🤖 AI Summary
This paper addresses the zero-shot compositional generalization challenge in reinforcement learning—specifically, the failure of value estimation when encountering unseen state compositions formed from known primitive elements (e.g., pedestrians, vehicles). We formally define this task and propose a novel behavior cloning paradigm based on conditional diffusion models. Unlike conventional value-based methods, our approach leverages expert trajectories as supervision to directly generate policy actions tailored to unseen compositional states. Extensive experiments across three heterogeneous domains—maze navigation, autonomous driving, and multi-agent coordination—demonstrate that our method significantly outperforms mainstream RL algorithms.
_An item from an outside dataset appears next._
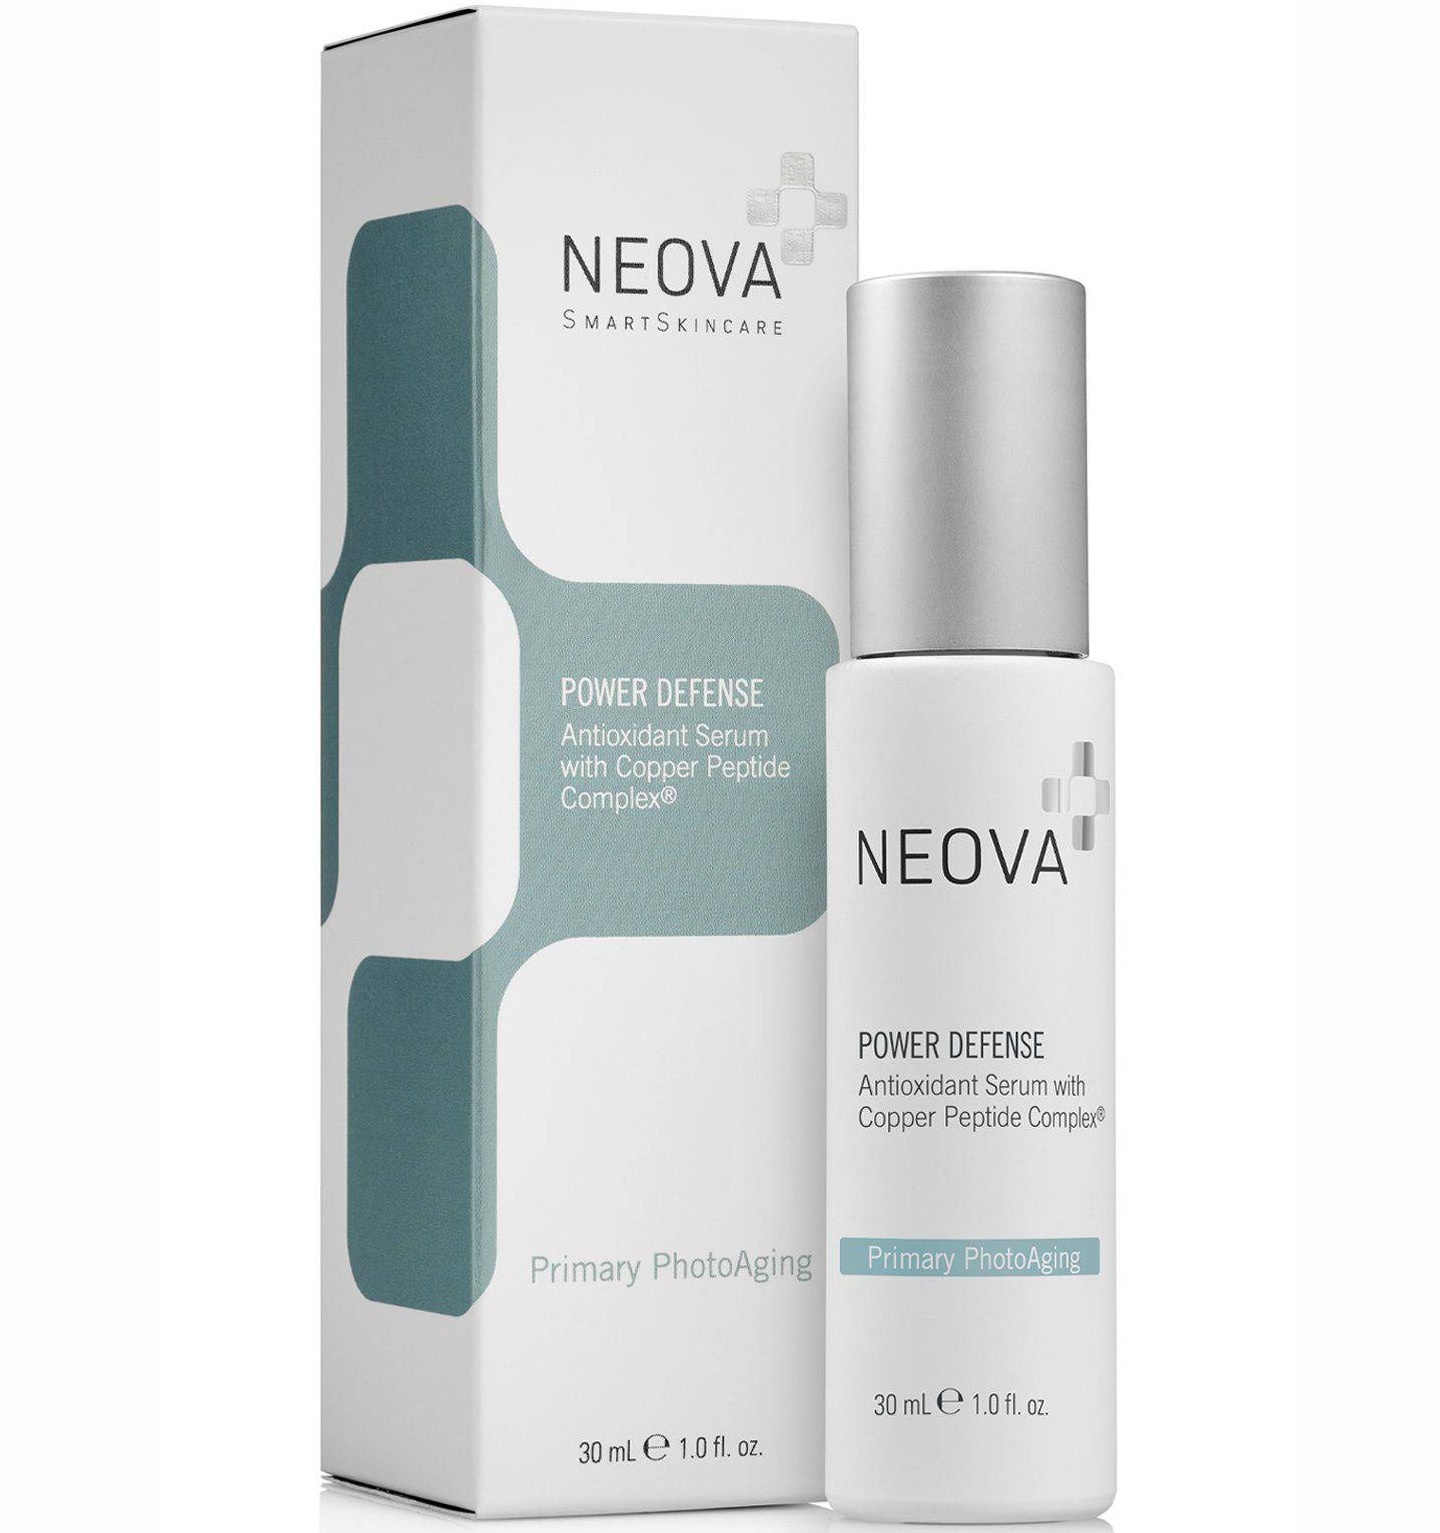 Neova Power Defense Antioxidant Serum With Copper Peptide Complex®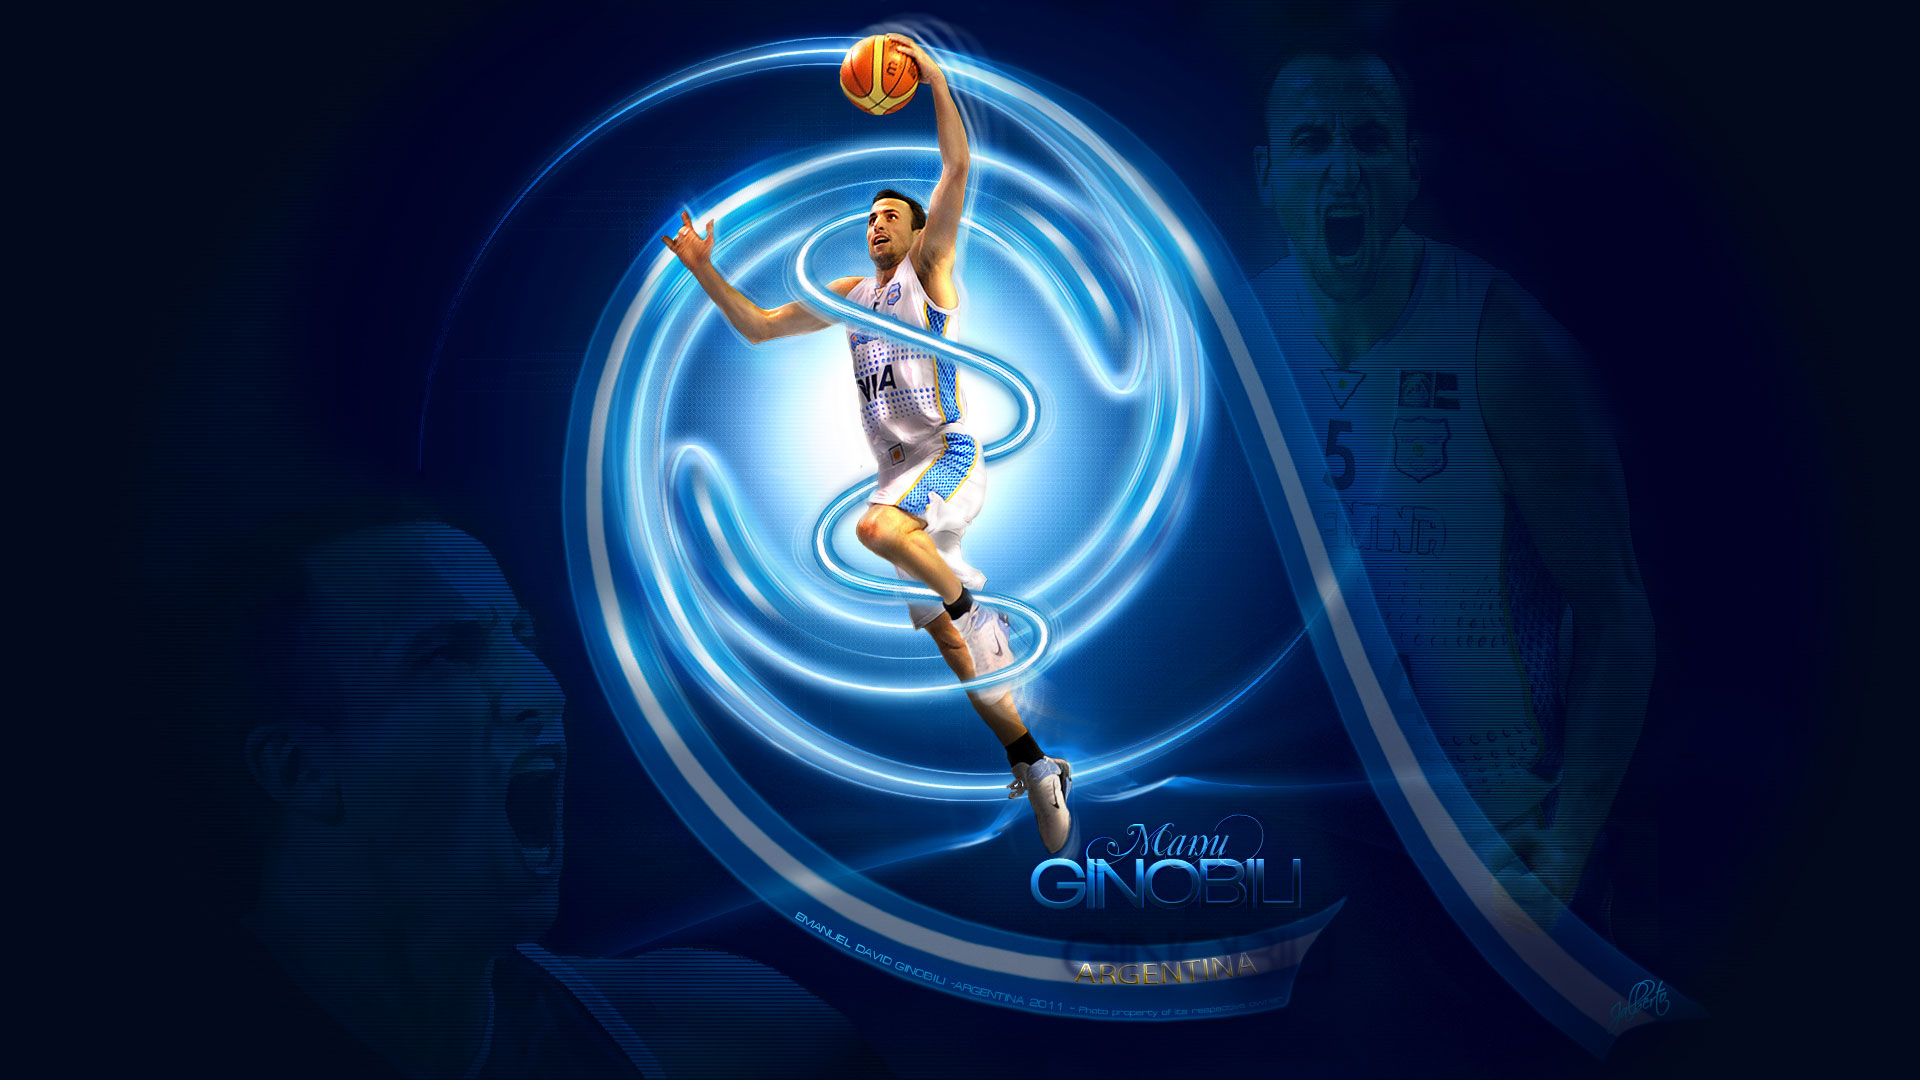 Manu Ginobili Argentina Nt Widescreen Wallpaper Basketball

It exhibits strong cross-compositional generalization and domain transferability, enabling effective decision-making under open-world conditions. This work establishes a scalable, generative modeling framework for compositional generalization in sequential decision-making, advancing robustness and adaptability in real-world RL applications.
📝 Abstract
Many real-world decision-making problems are combinatorial in nature, where states (e.g., surrounding traffic of a self-driving car) can be seen as a combination of basic elements (e.g., pedestrians, trees, and other cars). Due to combinatorial complexity, observing all combinations of basic elements in the training set is infeasible, which leads to an essential yet understudied problem of zero-shot generalization to states that are unseen combinations of previously seen elements. In this work, we first formalize this problem and then demonstrate how existing value-based reinforcement learning (RL) algorithms struggle due to unreliable value predictions in unseen states. We argue that this problem cannot be addressed with exploration alone, but requires more expressive and generalizable models. We demonstrate that behavior cloning with a conditioned diffusion model trained on expert trajectory generalizes better to states formed by new combinations of seen elements than traditional RL methods. Through experiments in maze, driving, and multiagent environments, we show that conditioned diffusion models outperform traditional RL techniques and highlight the broad applicability of our problem formulation.